Average ages of patients with Em Cas featuring areas of morules and SqM were 41.2 ± 10.5 years (mean ± SD) and 54.9 ± 11.1 years, respectively, the difference being significant (P < 0.0001) with a value of 56.9 ± 6.1 for tumors without SqD areas. Examples of immunohistochemical findings for ß-catenin, cyclin D1, p53, p21WAF1, Ki-67, and PML in Em Ca with morule and SqM are illustrated in Figures 1 and 2 .

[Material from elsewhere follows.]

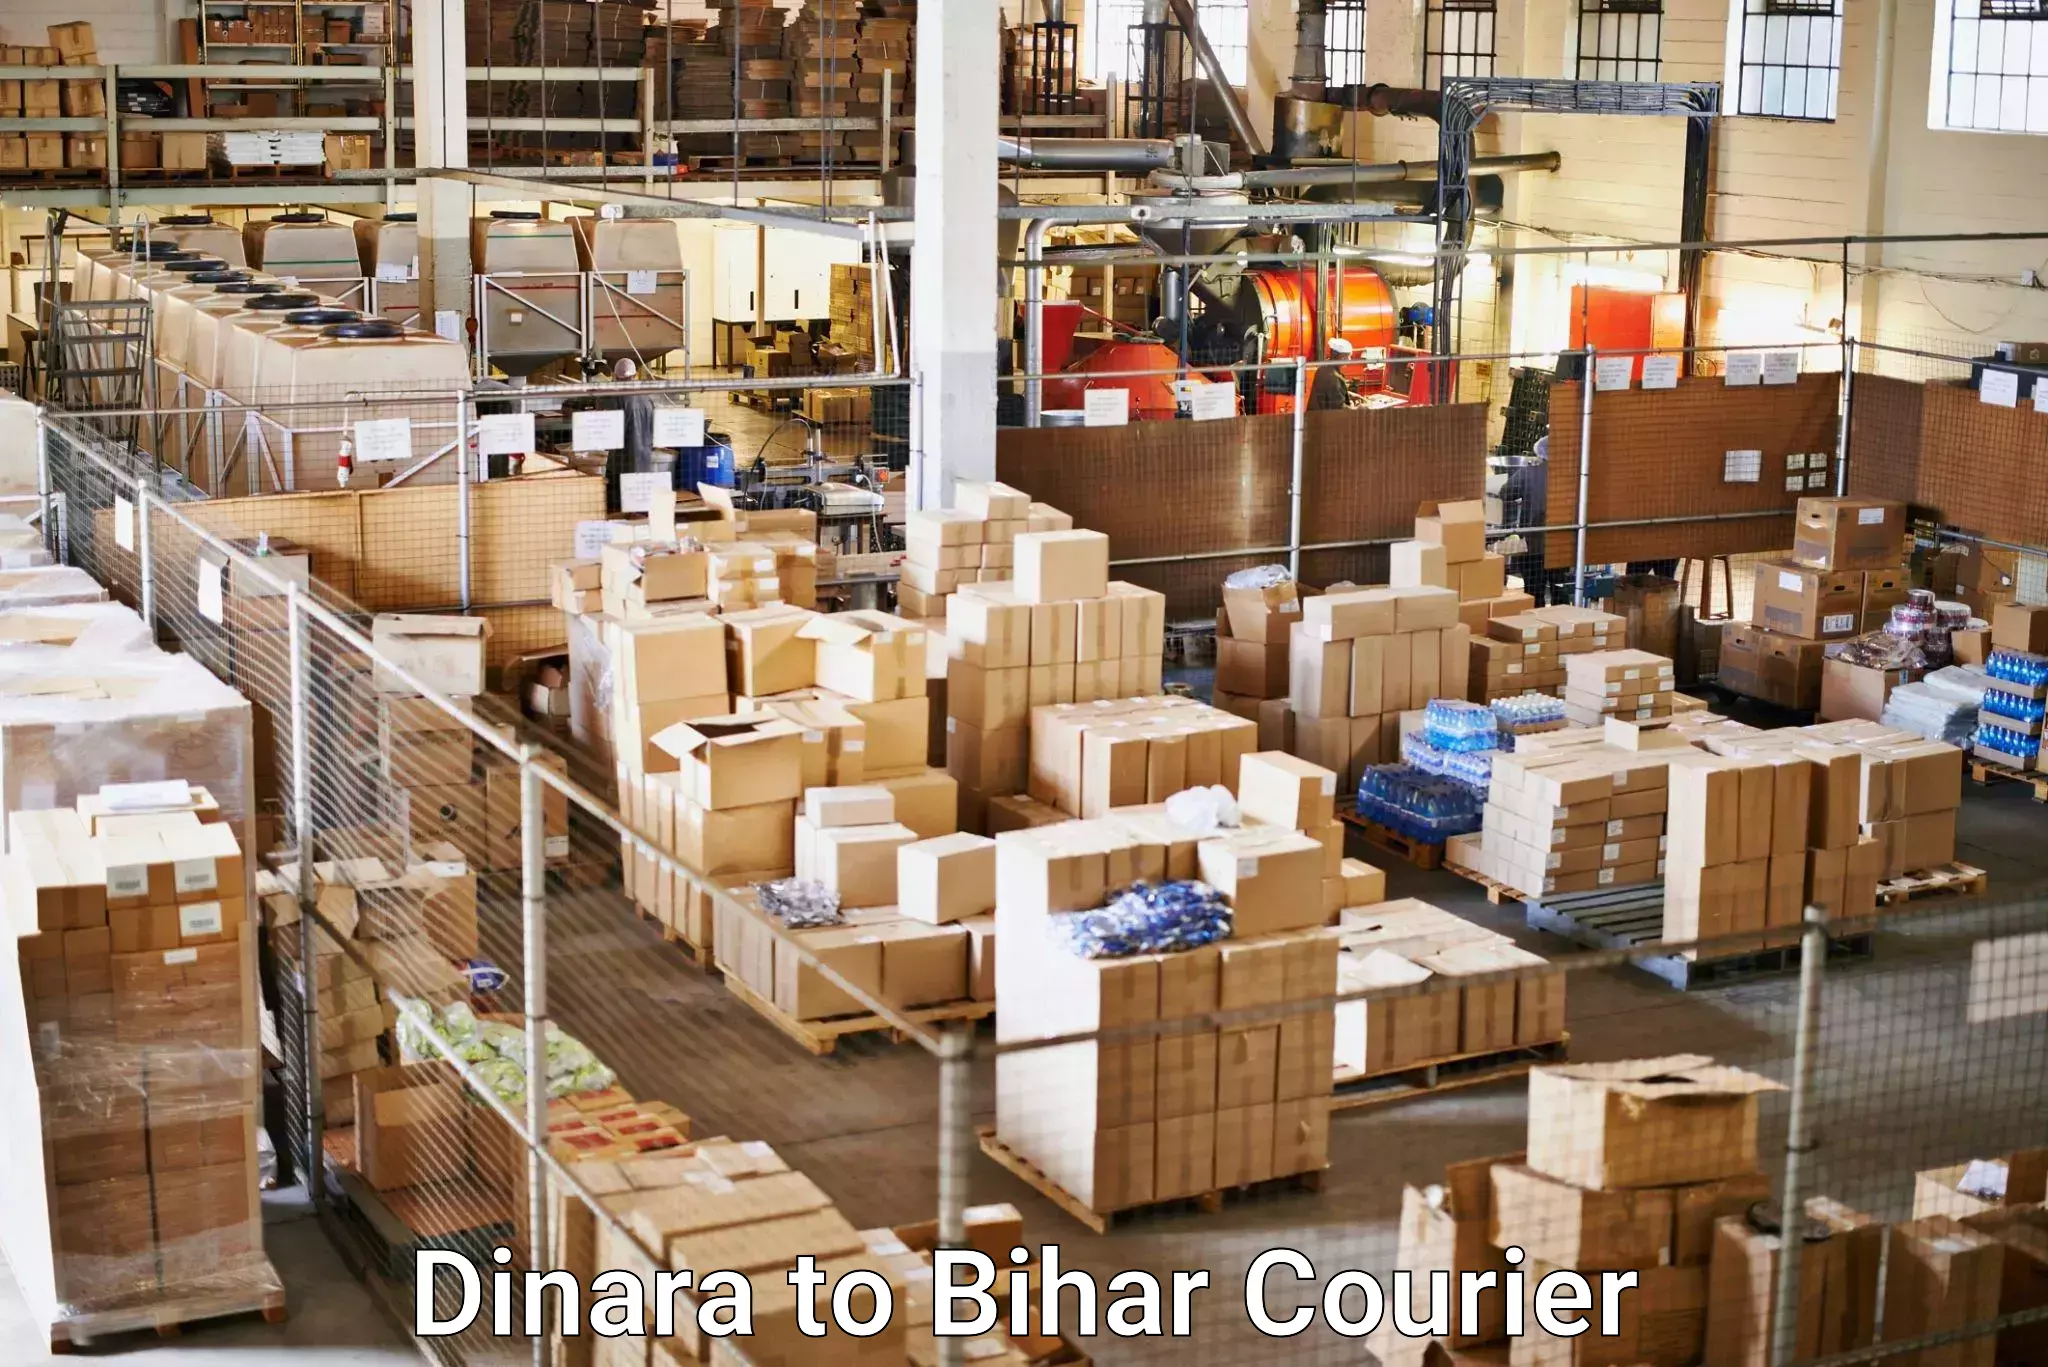 Global shipping networks Dinara to Manjhaul

Average LIs for both nuclear ß-catenin and cyclin D1 were significantly higher in morules than SqM and the Sur-Ca lesions. Significant stepwise decreases from morules, through SqM, to the Sur-Ca lesions were observed in LIs for both p53 and p21WAF1, but not Ki-67. PML immunoreactivity was significantly lower in morules than in Sur-Ca lesions, whereas SqM areas demonstrated significant increase. There were significant differences in LIs for nuclear ß-catenin, p53, and p21WAF1 between glandular components of tumors with and without SqD areas (Figure 3) . Significantly positive correlations of LI values for nuclear ß-catenin, as well as cyclin D1, p53, and p21WAF1, were observed between SqD areas and the Sur-Ca lesions (Figure 4) , while such associations were not evident for Ki-67 and PML (data not shown).

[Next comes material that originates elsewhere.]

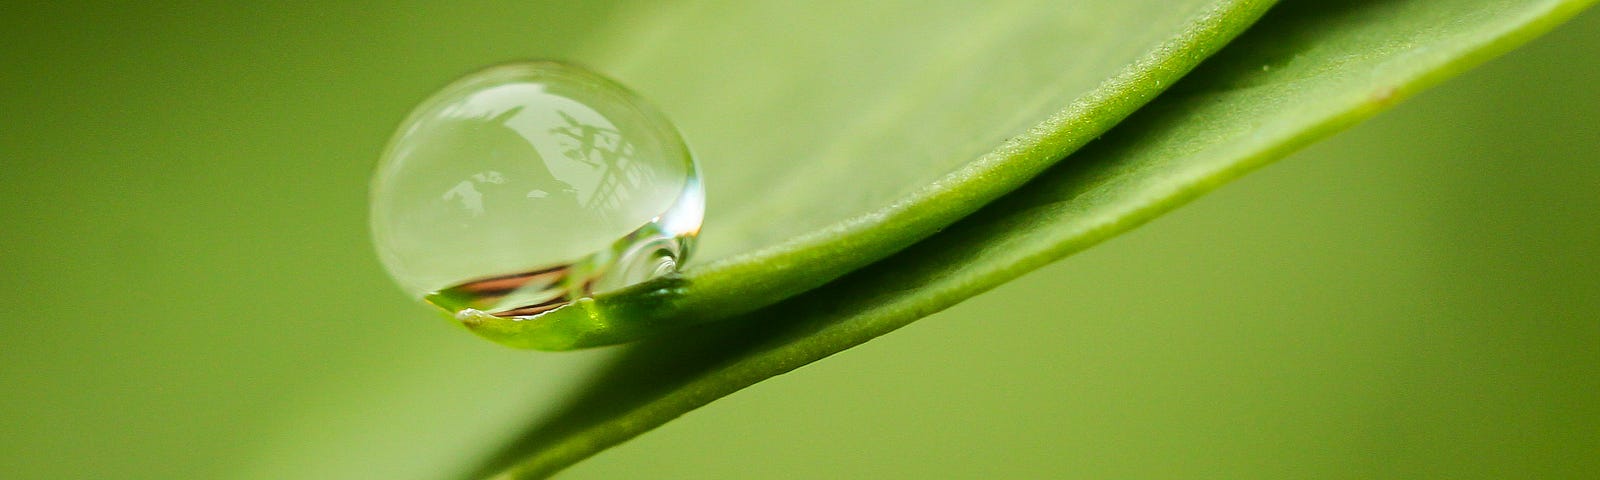 A water dew drop on a leaf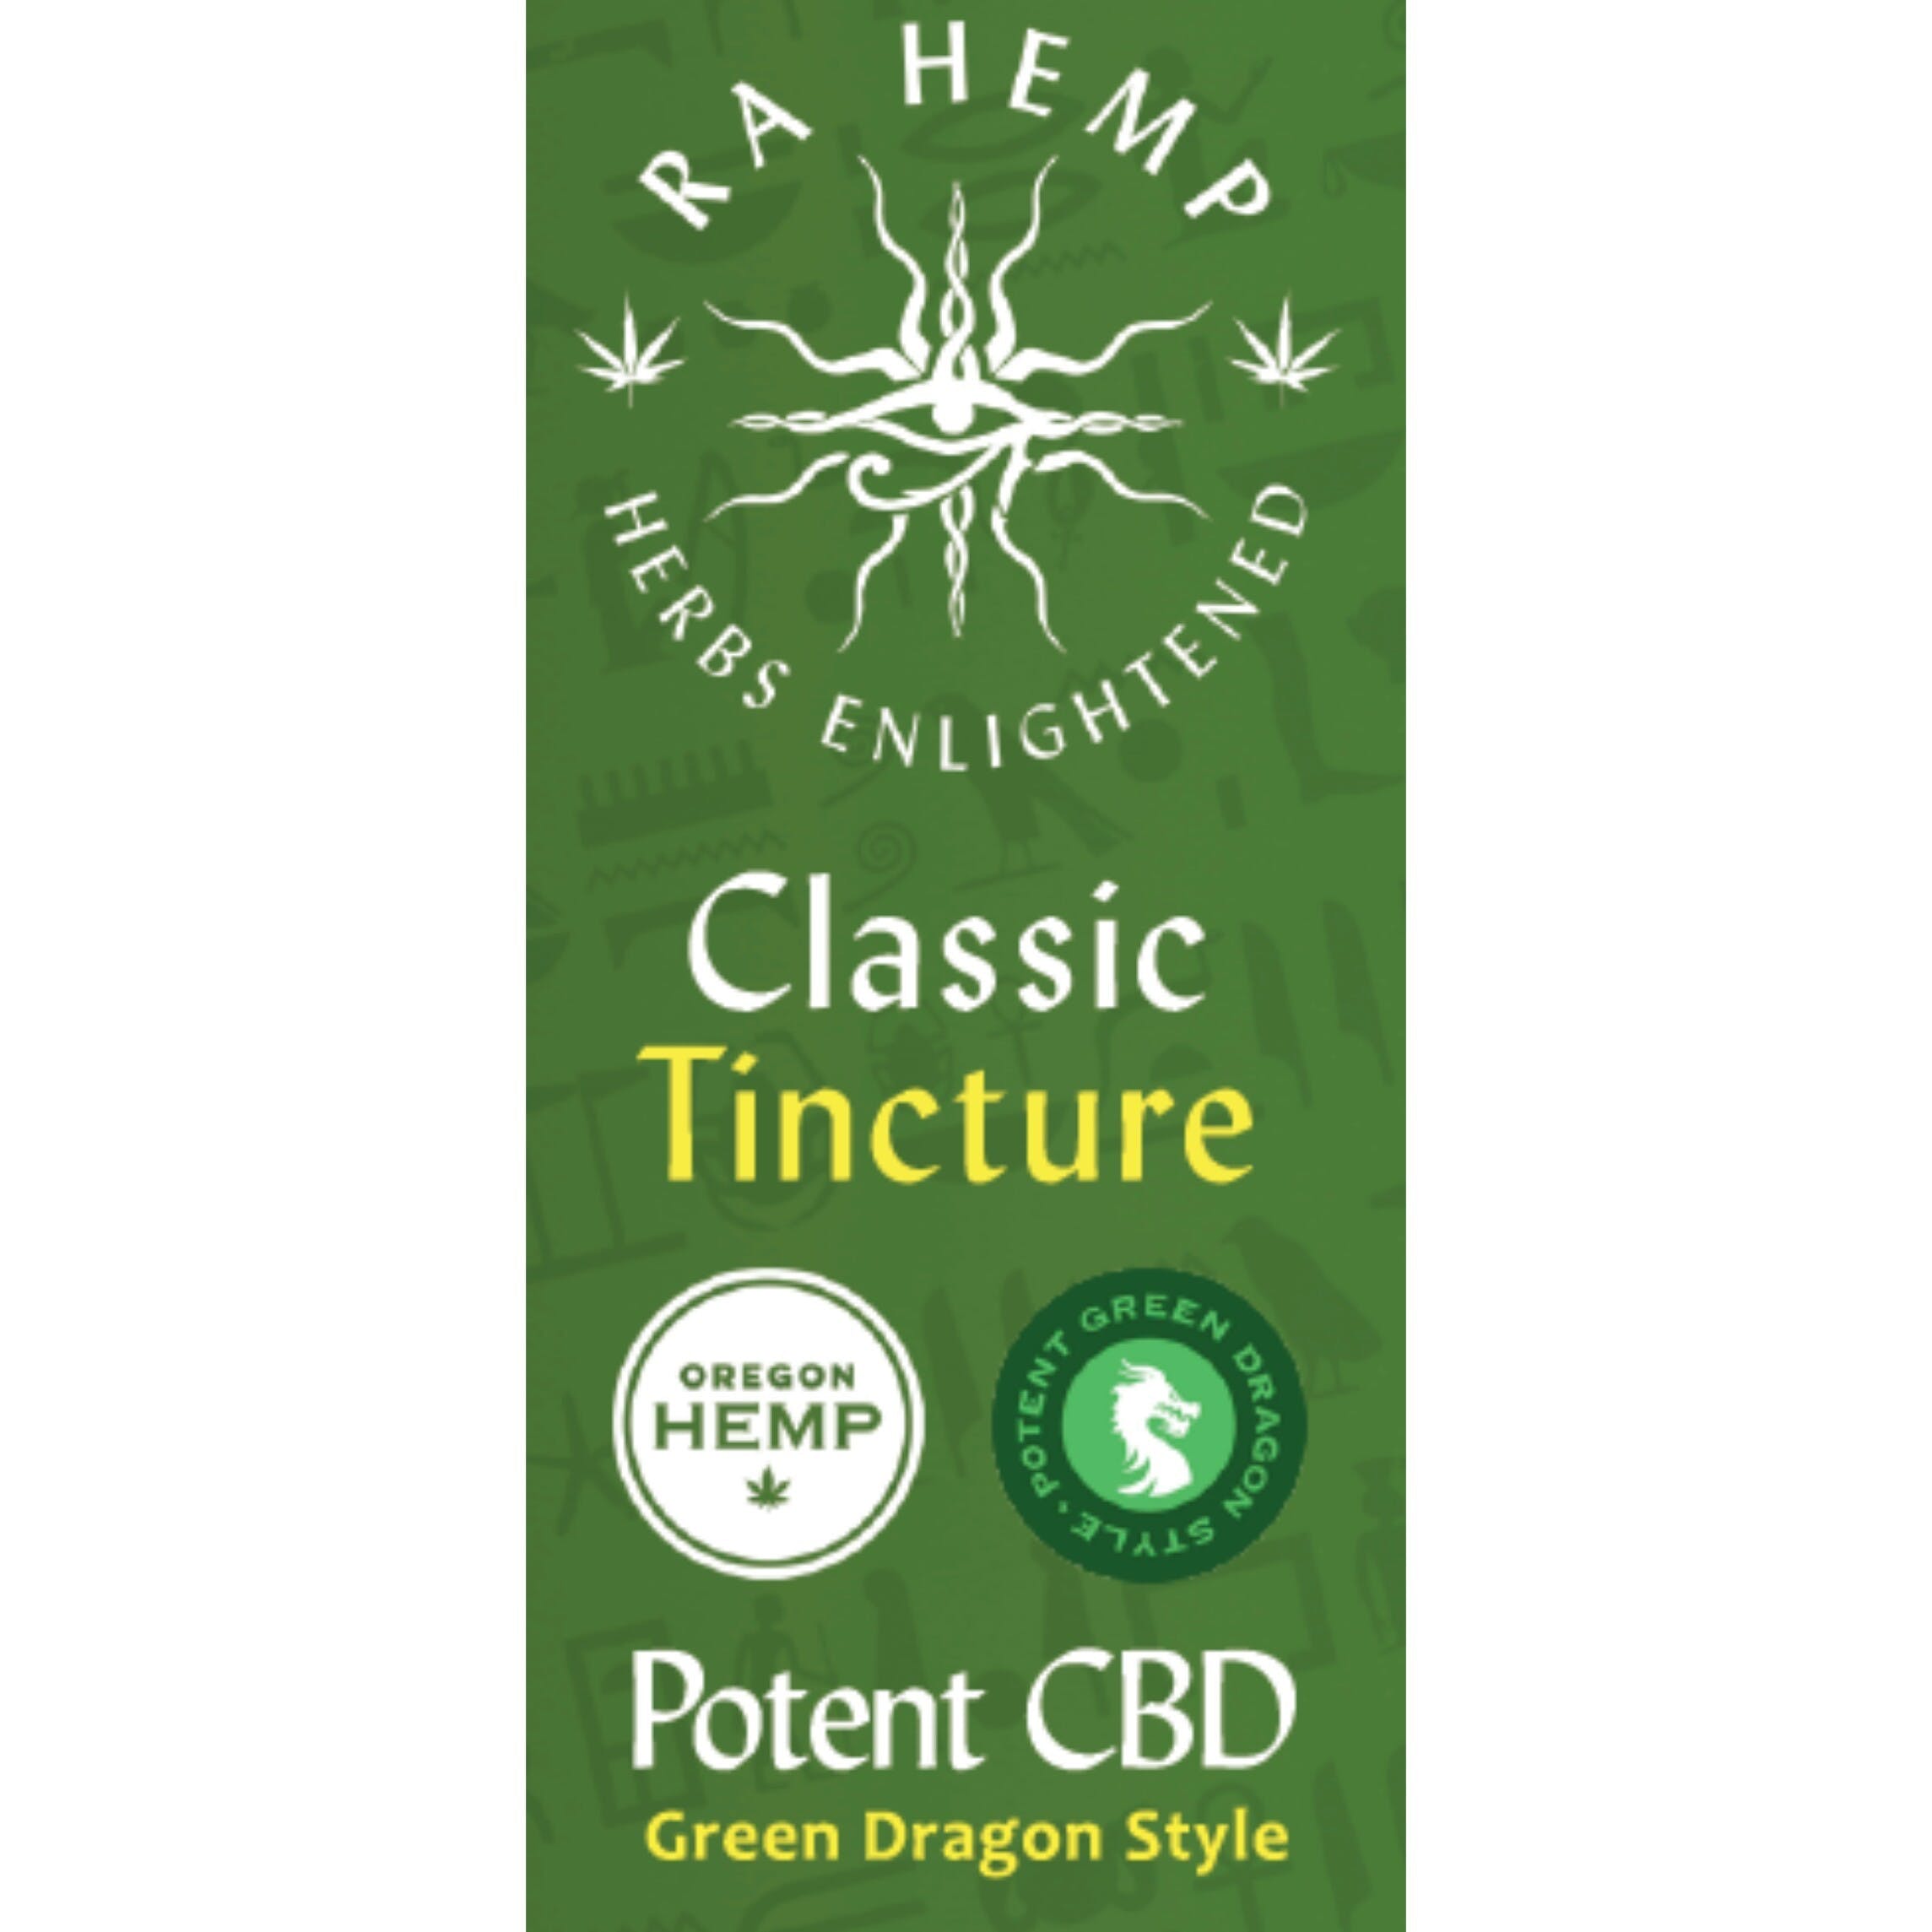 tincture-sun-god-medicinals-ra-hemp-classic-green-dragon-cbd-tincture

View larger version (22K): [in this window] [in a new window]   Figure 3. Relations of LIs or immunohistochemistry scores for nuclear ß-catenin, cyclin D1, p53, p21WAF1, Ki-67, and PML among morules, areas of squamous metaplasia (SqM), and the surroundings or glandular carcinomas without SqD (Sur-Ca and Ca w/o SqD). The data are means ± SD values.

View larger version (39K): [in this window] [in a new window]   Figure 4. Correlations of LIs for ß-catenin, cyclin D1, p53, and p21WAF1 between areas of SqD and the Sur-Ca lesions. r, Pearson’s correlation coefficient; n, number of cases. The data are means ± SD values.

View larger version (33K): [in this window] [in a new window]   Figure 5. Relations of LIs or immunohistochemistry scores for nuclear ß-catenin, cyclin D1, p53, p21WAF1, Ki-67, and PML with the ß-catenin gene status (P, mutation positive; N, negative) in areas of SqD (A) and Sur-Ca categories (B). mor, Morule; SqM, squamous metaplasia; ß-Cat Mut, ß-catenin gene mutation. The data are means ± SD values.

Based on sequence analysis of ß-catenin and p53 genes, Ishikawa cells with wild types of both genes were selected from five Em Ca cell lines, including Hec6, Hec88, Hec108, and Hec265 cells. The Ish-bcat#7 clone constitutively expressed the ß-catS45 mRNA, resulting in activation of ß-catenin-TCF transcription, as assessed with reference to TOP and FOP reporter constructs (Figure 6, A and B) . On immunofluorescence analysis, strong nuclear ß-catenin accumulation was detected in 30% of cells of the stable clone, whereas immunoreactivity was limited to cell membranes in the mock case. Some Ish-bcat#7 cells with nuclear ß-catenin expression demonstrated increase in size, and were more spread and flattened and multinucleated but not squamoid in appearance (Figure 6C) . In addition, increased expression of cyclin D1, p14ARF, p53, and p21WAF1 but not PML was evident in Ish-bcat#7 cells (Figure 6D) .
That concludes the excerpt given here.